2021 big data Spark: Structured Streaming Internet of things device data analysis

catalogue

Data analysis of Internet of things devices

In the era of Internet of things, a large number of sensors are collecting and producing data involving various fields every day. It makes the Internet of things an ideal tool for analyzing data stream in real time.

Simulate the data statistical analysis of an intelligent Internet of things system, generate equipment data and send it to Kafka. Structured Streaming real-time consumption statistics.
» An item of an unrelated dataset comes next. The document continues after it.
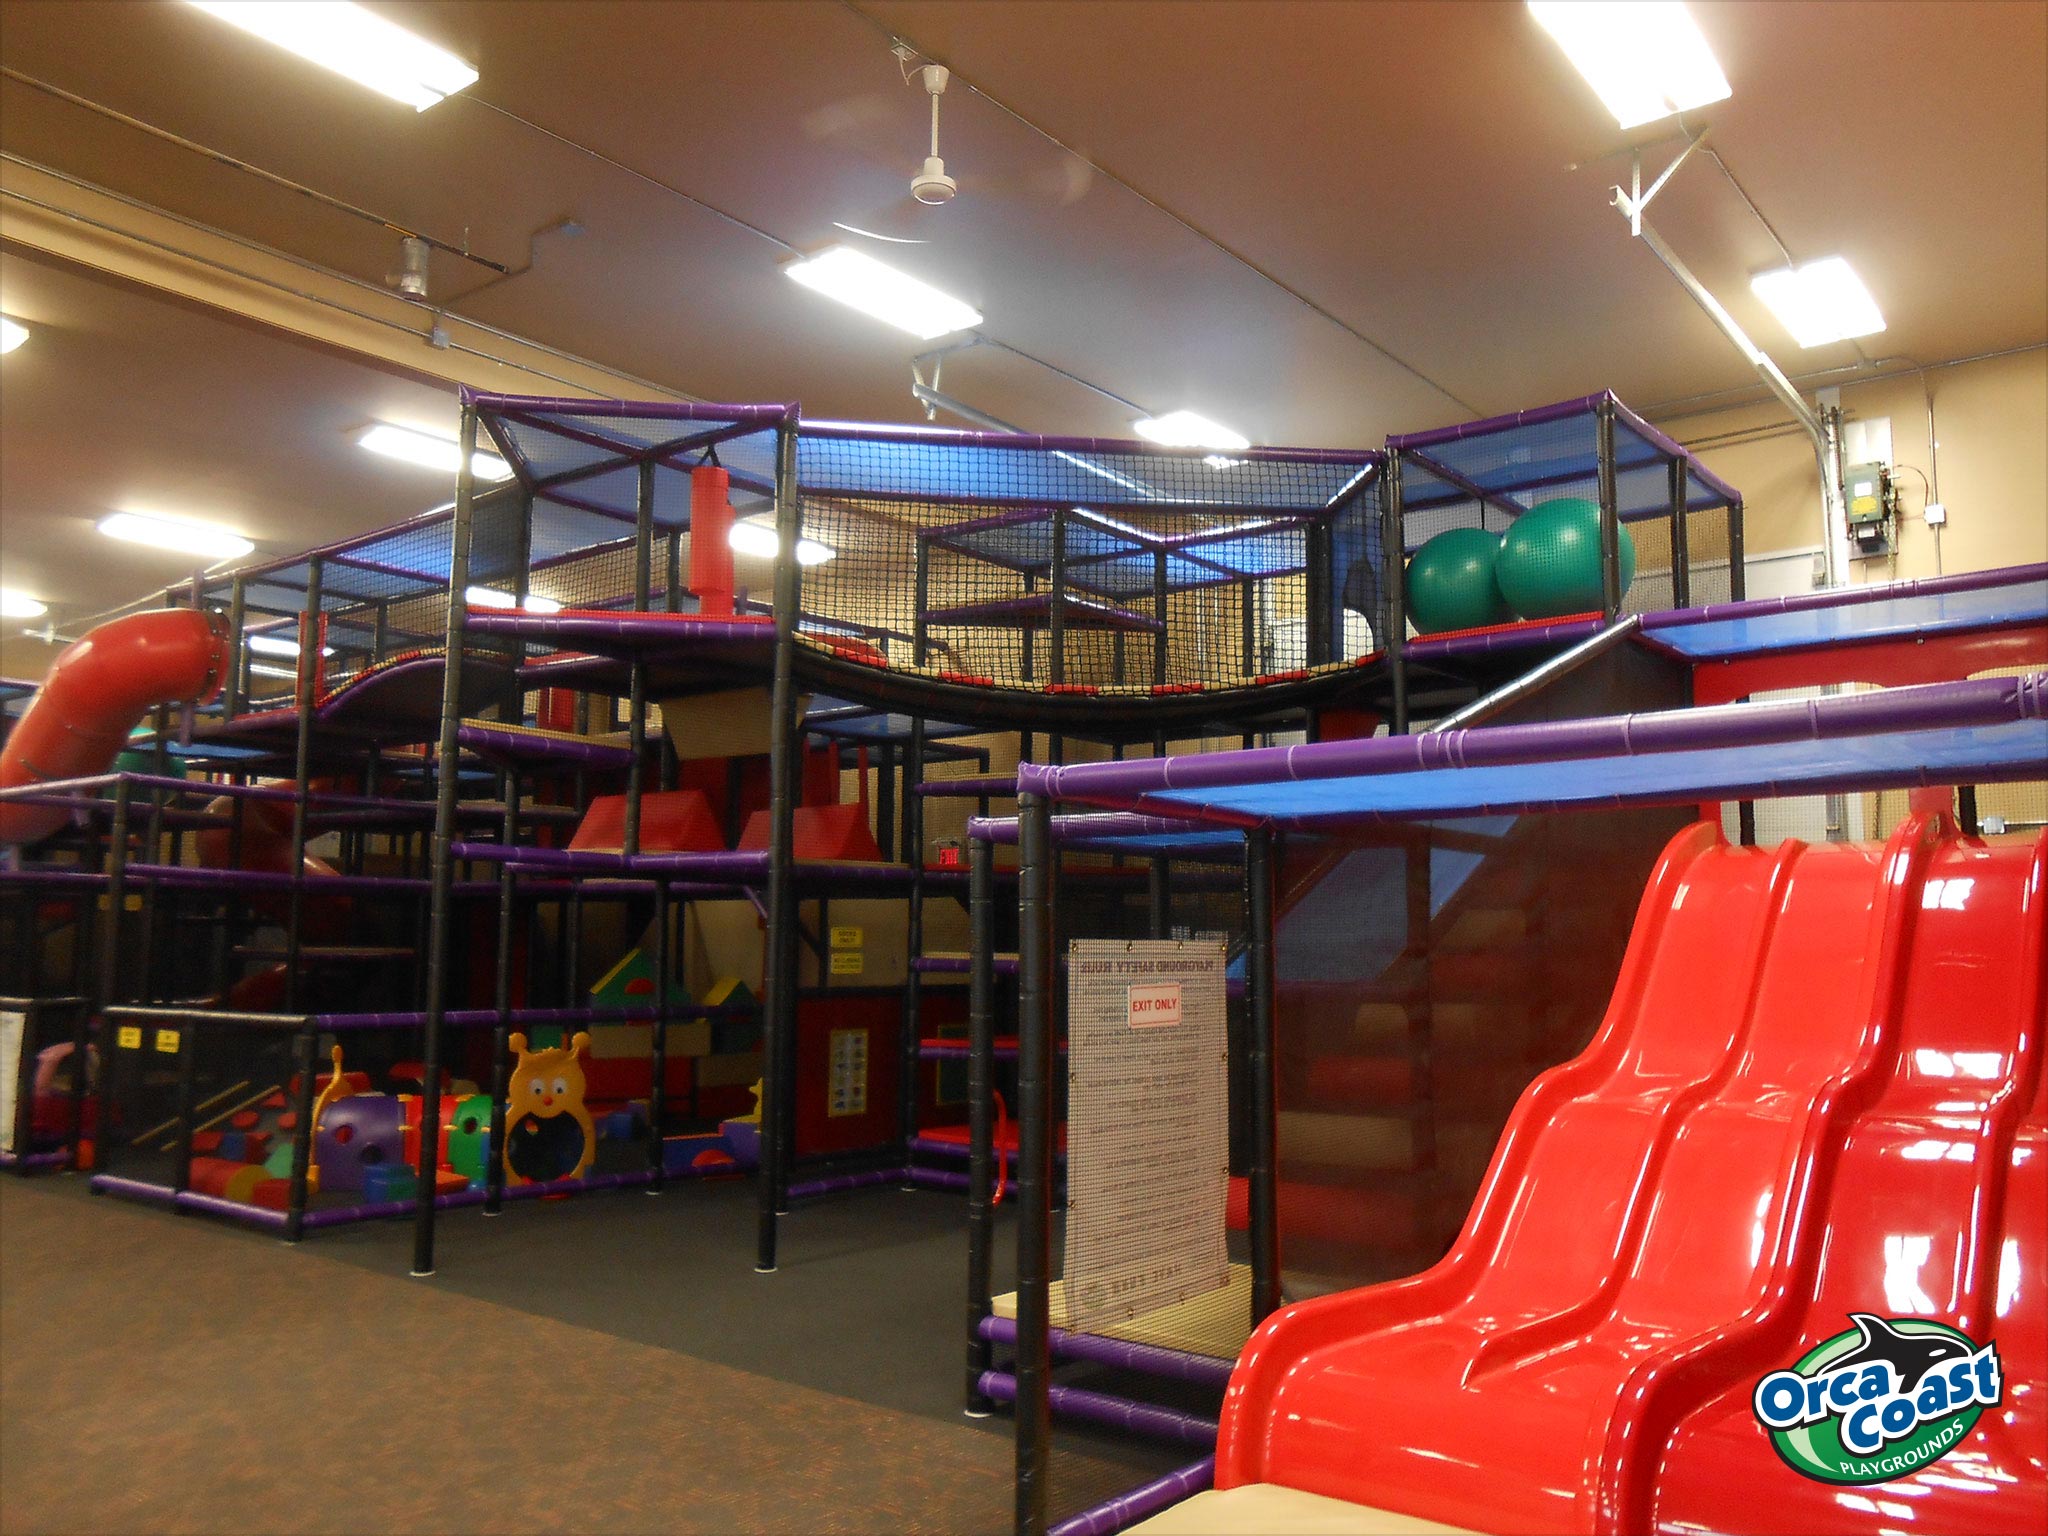 Orca Coast Playground Ltd. designed and built the indoor playground at CJ's Climb and Play in Warman, Saskatchewan

Real time statistical analysis of IOT equipment status signal data:

1) equipment with signal strength greater than 30;

2) quantity of various equipment types;

3) average signal strength of various equipment types;

Equipment monitoring data preparation

Write a program to simulate and generate the monitoring data of Internet of things devices and send it to Kafka Topic. There are few fields here for demonstration, but there are many fields in the actual production project.

Create Topic

Start the Kafka Broker service and create a Topic [search log Topic]. The command is as follows:

#View topic information

/export/server/kafka/bin/kafka-topics.sh --list --zookeeper node1:2181

#Delete topic

/export/server/kafka/bin/kafka-topics.sh --delete --zookeeper node1:2181 --topic iotTopic



#Create topic

/export/server/kafka/bin/kafka-topics.sh --create --zookeeper node1:2181 --replication-factor 1 --partitions 3 --topic iotTopic



#Simulated producer

/export/server/kafka/bin/kafka-console-producer.sh --broker-list node1:9092 --topic iotTopic

#Simulated consumer

/export/server/kafka/bin/kafka-console-consumer.sh --bootstrap-server node1:9092 --topic iotTopic --from-beginning

Analog data

Simulate the equipment monitoring log data, and encapsulate the field information into the CaseClass sample class [DeviceData]:

The specific code of log data class [mockiotdata] generated by simulation is as follows:

package cn.itcast.structedstreaming

import java.util.Properties

import org.apache.kafka.clients.producer.{KafkaProducer, ProducerRecord}
import org.apache.kafka.common.serialization.StringSerializer
import org.json4s.jackson.Json

import scala.util.Random

object MockIotDatas {
  def main(args: Array[String]): Unit = {
    // Send Kafka Topic
    val props = new Properties()
    props.put("bootstrap.servers", "node1:9092")
    props.put("acks", "1")
    props.put("retries", "3")
    props.put("key.serializer", classOf[StringSerializer].getName)
    props.put("value.serializer", classOf[StringSerializer].getName)
    val producer = new KafkaProducer[String, String](props)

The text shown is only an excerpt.